根据条件使用 pandas 排除特定日期 [英] Exclude a specific date based on a condition using pandas
问题描述
df2 = pd.DataFrame({'person_id':[11,11,11,11,11,12,12,13,13,14,14,14,14],
'admit_date':['01/01/2011','01/01/2009','12/31/2013','12/31/2017','04/03/2014','08/04/2016',
'03/05/2014','02/07/2011','08/08/2016','12/31/2017','05/01/2011','05/21/2014','07/12/2016']})
df2 = df2.melt('person_id', value_name='dates')

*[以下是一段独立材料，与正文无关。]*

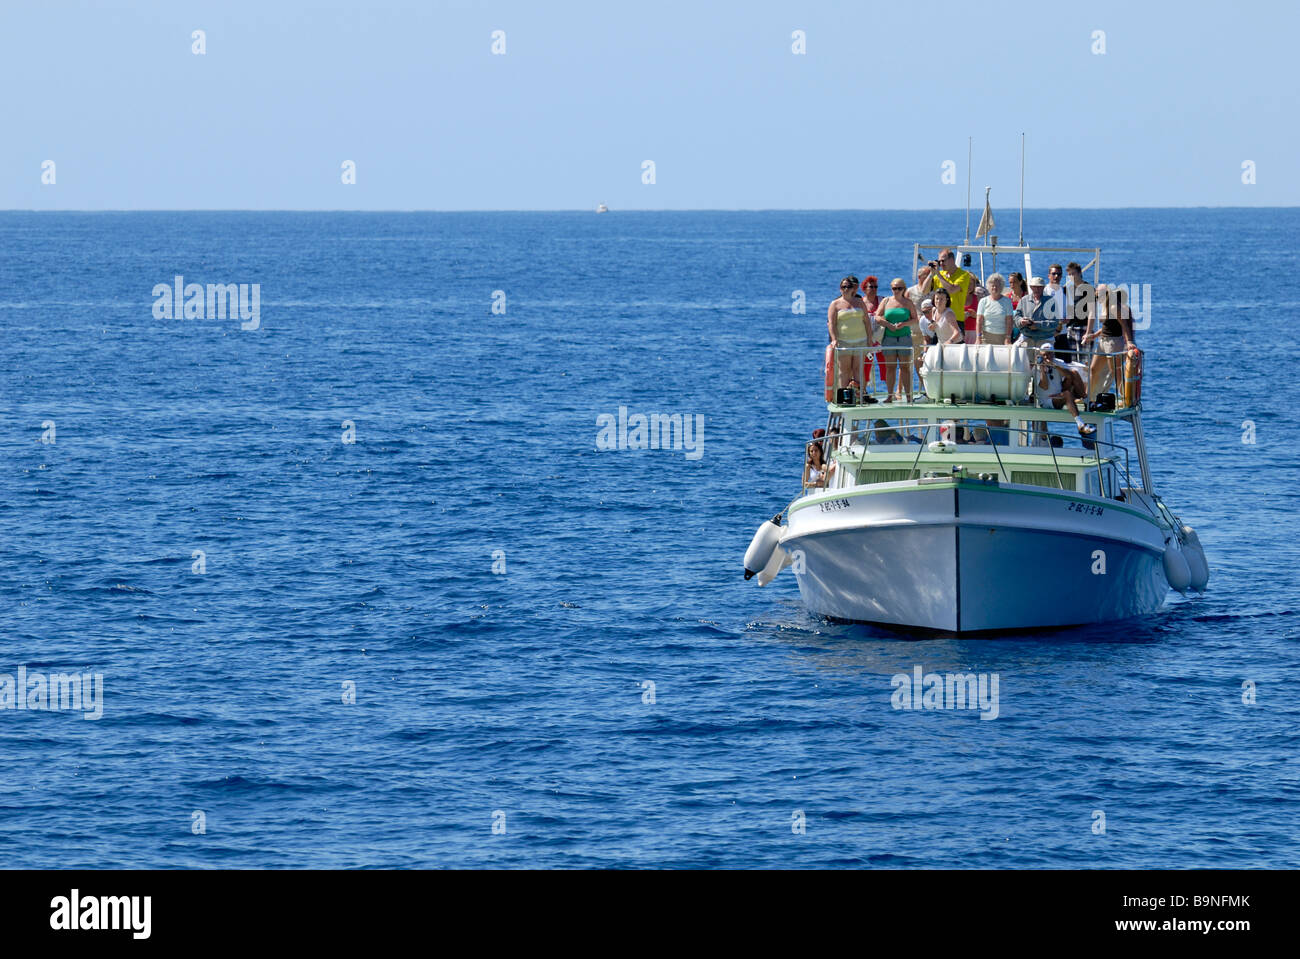 Die Exciment unter den Touristen auf dem Delphin Suche Boot, Puerto Rico, Gran Canaria, Kanarische Inseln, Spanien, Europa. Stockfoto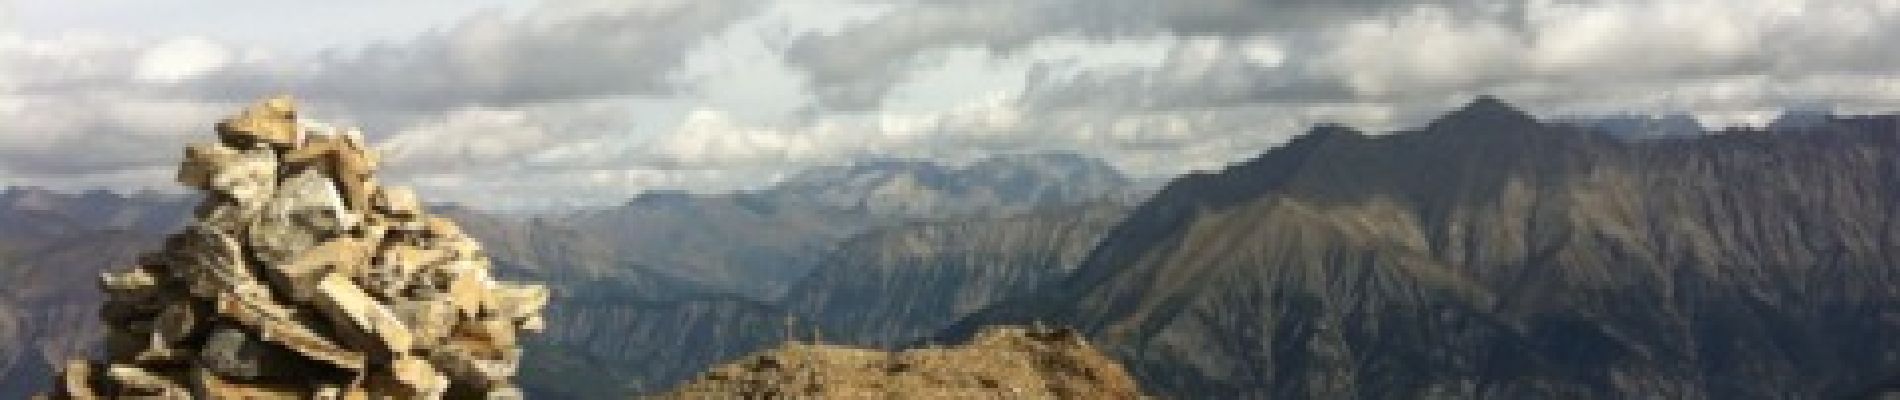 Randonnée Marche Enchastrayes - Croix de l Alpe - Photo

df2['dates'] = pd.to_datetime(df2['dates'])
我想做的是
a)如果主题具有 12月31日
和 1月1日
在其记录中。请注意,年
无关紧要。
a) Exclude/filter out records from the data frame if a subject has Dec 31st
and Jan 1st
in its records. Please note that year
doesn't matter.
如果受试者的任一 12月31日
或 1月1日
,我们将其保留不变。
If a subject has either Dec 31st
or Jan 1st
, we leave them as is.
但是如果它们都 12月31日
和 1月1日
,我们将其中的一个(12月31日或1月1日)删除。请注意,他们也可能有多个具有相同日期的条目。像 person_id = 11
But if they have both Dec 31st
and Jan 1st
, we remove one (either Dec 31st or Jan 1st) of them. note they could have multiple entries with the same date as well. Like person_id = 11
我只能做下面的事情
df2_new = df2['dates'] != '2017-12-31' #but this excludes if a subject has only `Dec 31st on 2017`. How can I ignore the dates and not consider `year`
df2[df2_new]
我的预期输出是如下所示
My expected output is like as shown below
对于person_id = 11,我们删除 12-31
,因为它们在它们的同时具有 12-31
和 01-01
记录,而对于person_id = 14,我们不会删除 12-31
,因为它的记录中只有 12-31
记录。
For person_id = 11, we drop 12-31
because it had both 12-31
and 01-01
in their records whereas for person_id = 14, we don't drop 12-31
because it has only 12-31
in its records.
仅当都 12-31 $ c时,我们才会删除
出现在一个人的记录中。 12-31
$ c>和 01-01
We drop 12-31
only when both 12-31
and 01-01
appear in a person's records.
推荐答案
使用:
s = df2['dates'].dt.strftime('%m-%d')
m1 = s.eq('01-01').groupby(df2['person_id']).transform('any')
m2 = s.eq('12-31').groupby(df2['person_id']).transform('any')
m3 = np.select([m1 & m2, m1 | m2], [s.ne('12-31'), True], default=True)
df3 = df2[m3]
结果:
# print(df3)
person_id variable dates
0 11 admit_date 2011-01-01
1 11 admit_date 2009-01-01
4 11 admit_date 2014-04-03
5 12 admit_date 2016-08-04
6 12 admit_date 2014-03-05
7 13 admit_date 2011-02-07
8 13 admit_date 2016-08-08
9 14 admit_date 2017-12-31
10 14 admit_date 2011-05-01
11 14 admit_date 2014-05-21
12 14 admit_date 2016-07-12
这篇关于根据条件使用 pandas 排除特定日期的文章就介绍到这了,希望我们推荐的答案对大家有所帮助,也希望大家多多支持IT屋!